Is there an economic case for firms to invest more in certifications, like the certified financial planner designation?
A new report, “Building a Wealth Management Practice: Measuring CFP Professionals’ Contribution,” compares CFP professionals and practices to financial advisors who do not have CFP certification and finds that CFP professionals fare better in a number of ways.
There are more than 74,000 CFP professionals today, according to Joseph V. Maugeri, managing director of corporate relations for the Certified Financial Planner Board of Standards.
The study, commissioned by the CFP Board and conducted by Aite Group, attempts to identify the contribution of CFP professionals to a practice’s revenue.
Looking at solo practices, the study finds that CFP professional practices generate 40% more revenue based on average practice revenue and almost 70% more revenue per client.
The median revenue of a solo practice led by an advisor who is not a CFP professional is $250,000, while the median revenue of solo CFP professional practices is $350,000, according to the study.
“I think that makes a strong case for firms that the CFP is a great investment and will allow their advisors to be more successful,” Maugeri told ThinkAdvisor via phone.
The study also finds that CFP professional practices are more successful at attracting high-net-worth and ultra-high net worth clients. The share of HNW and UHNW clients at CFP professional practices is 53% higher than at other practices, according to the study.
“That’s significant,” Maugeri said. “It shows that for more complex situations, CFP professionals are well equipped to handle HNW and UHNW because of their training and professional development. And it’s recognized by the industry and the public.”
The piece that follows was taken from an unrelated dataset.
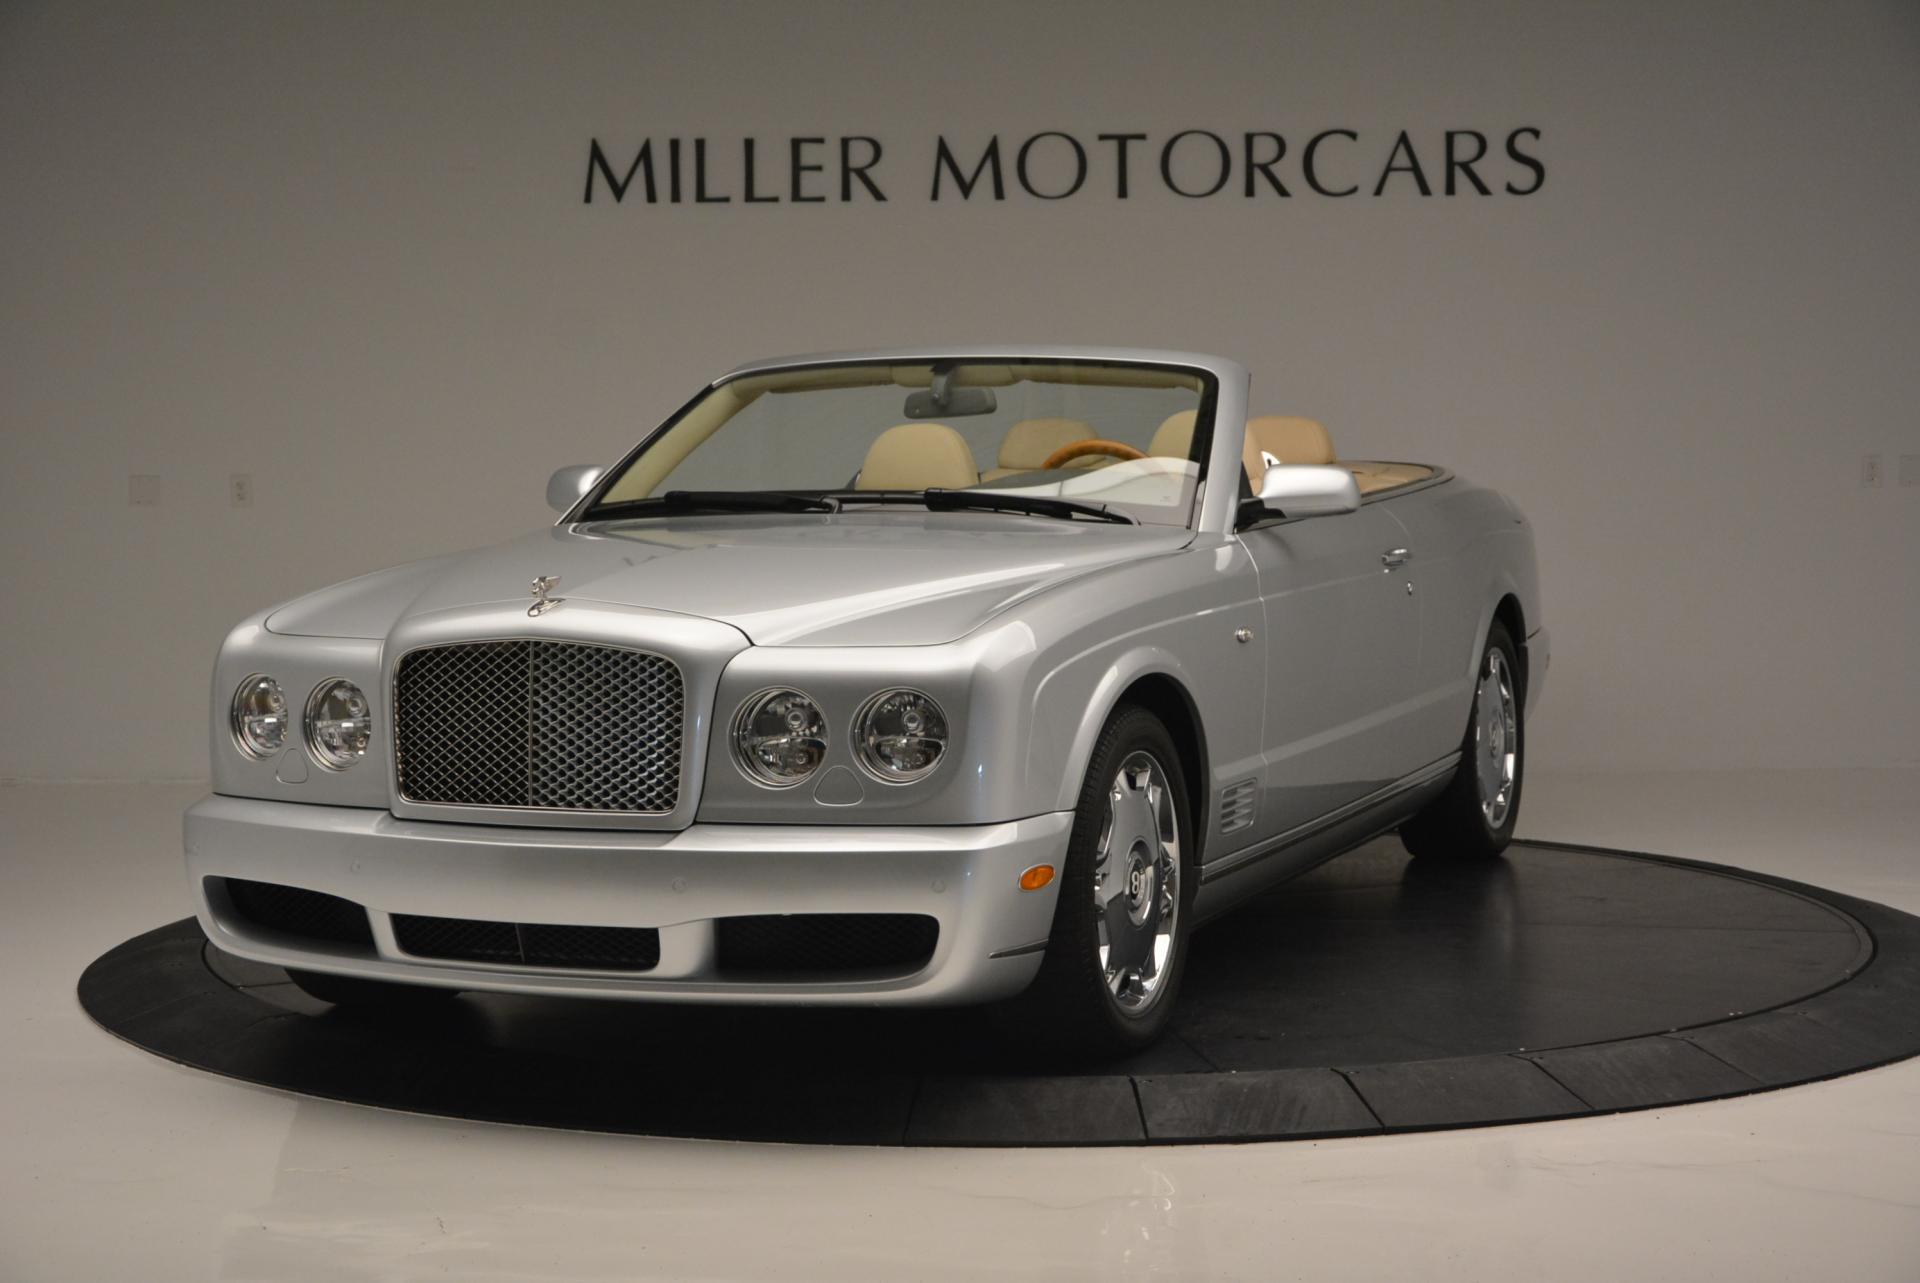 Used 2008 Bentley Azure for sale Sold at Alfa Romeo of Westport in Westport CT 06880 1

Alois Pirker, co-author of the report, makes the distinction that it’s not so much a CFP designation that matters as it is the qualities that the CFP professional practices, such as values-driven advice. “When you look at where the advisor industry is today, it’s seen a lot of disruption in wealth management in general and a pressure on advisors to deliver more value for the price they charge,” Pirker, research director at Aite Group, told ThinkAdvisor. “The pressure for advisors to really deliver value has been increasing. In that context, we see in the paper quite nicely that folks that deliver a planning-centric model to their clients are able to provide that value proposition that [clients] are looking for.”
The CFP certification requires financial advisors to complete an education curriculum – which includes a financial plan development course registered with the CFP Board, as well as fitness standards and experience requirements – lasting nine to 18 months and culminating in a six-hour exam.
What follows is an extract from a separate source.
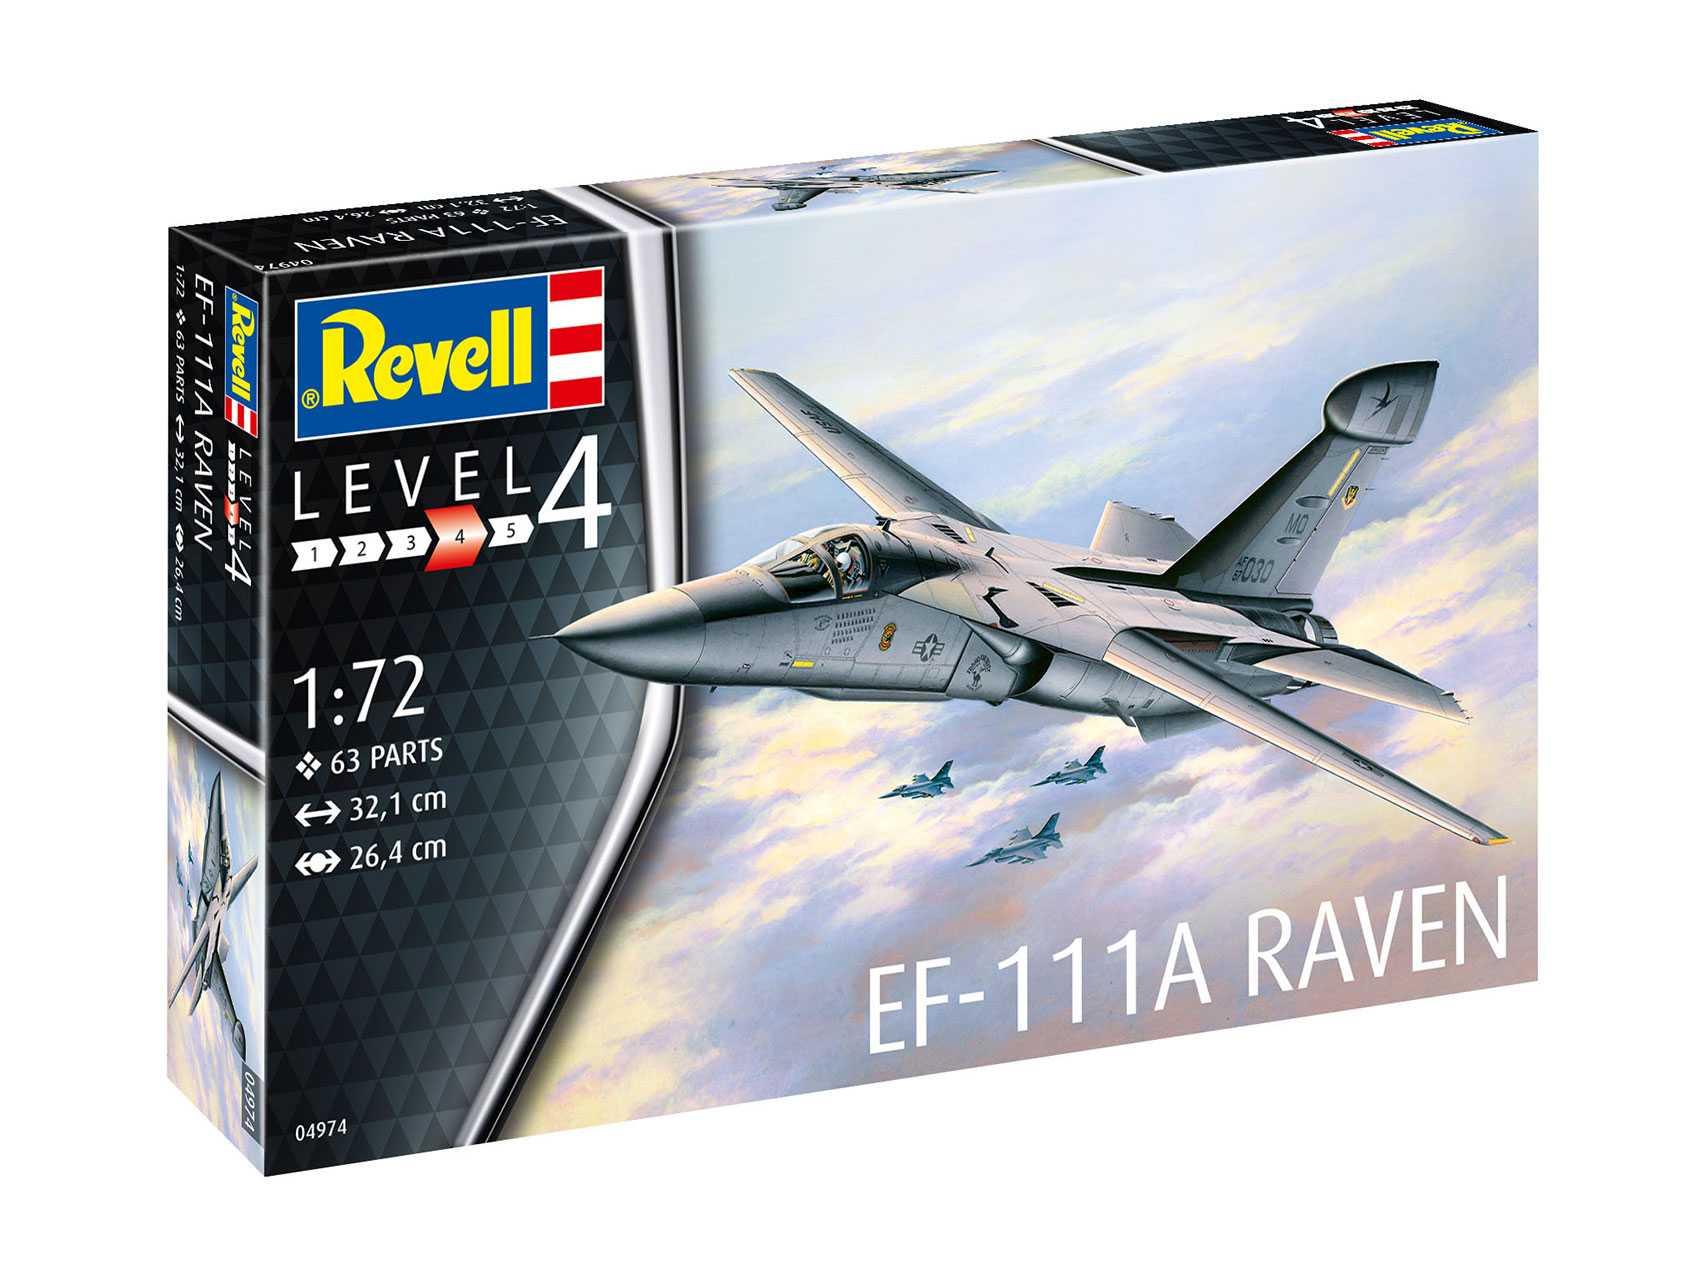 1:72 General Dynamics EF-111A Raven (Model Set)

“The designation is a visible part of it. It goes on the business card, but I think it’s that confidence and level of saying ‘I structured my practice around a certain process,’” Pirker told ThinkAdvisor. “I think that makes a difference in terms of how that client then views the advisor.”
CFP professionals themselves admit the importance of financial planning to their practices, according to the report’s findings.
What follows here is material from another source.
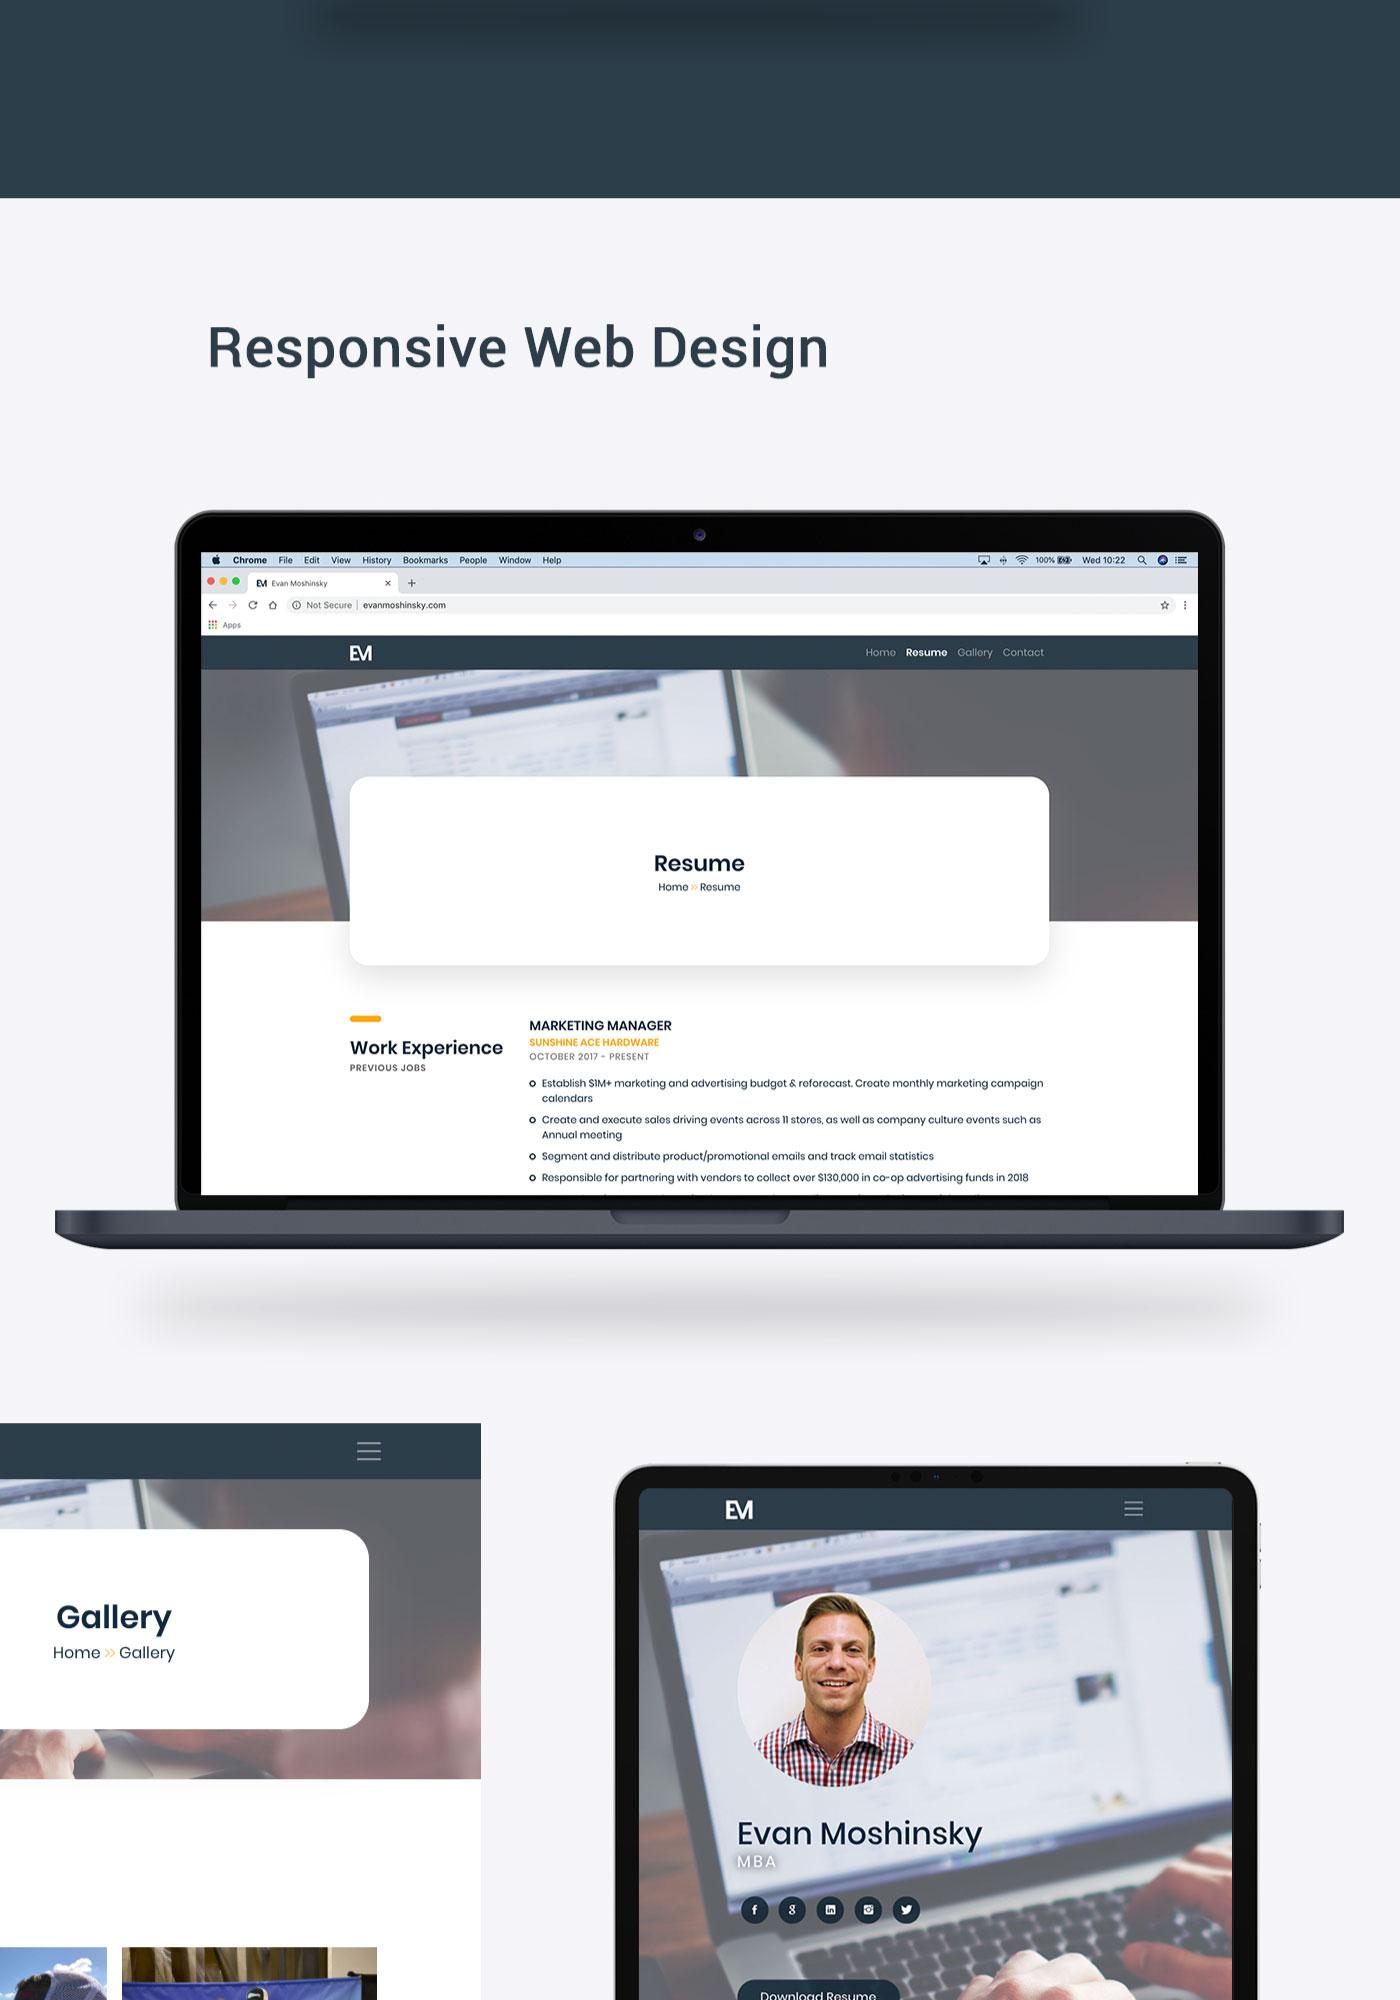 Evan Moshinsky website mockup on MacBook Pro and iPad

According to the study, 41% of advisors who are members of CFP professional practices state that financial planning is more important than investment management, while only 23% of other advisors say the same.
According to Maugeri, CFP professionals focus more on advice that’s outcome-oriented and holistic.
“It’s less about portfolio construction and it’s more around ‘Will I be able to retire? Will I be able pass on a business to my children? Will I be able to take care of my family if something happens? What’s the best allocation for my money for retirement?’” he told ThinkAdvisor. “The questions are more outcome based, and CFP professionals take into account all the areas of a client’s financial life.”
In October, Aite Group conducted an online survey commissioned of 403 U.S. financial advisors that includes 146 CFP professionals. In addition to CFP professionals, the sample includes 306 advisors representing practices that have at least one CFP professional.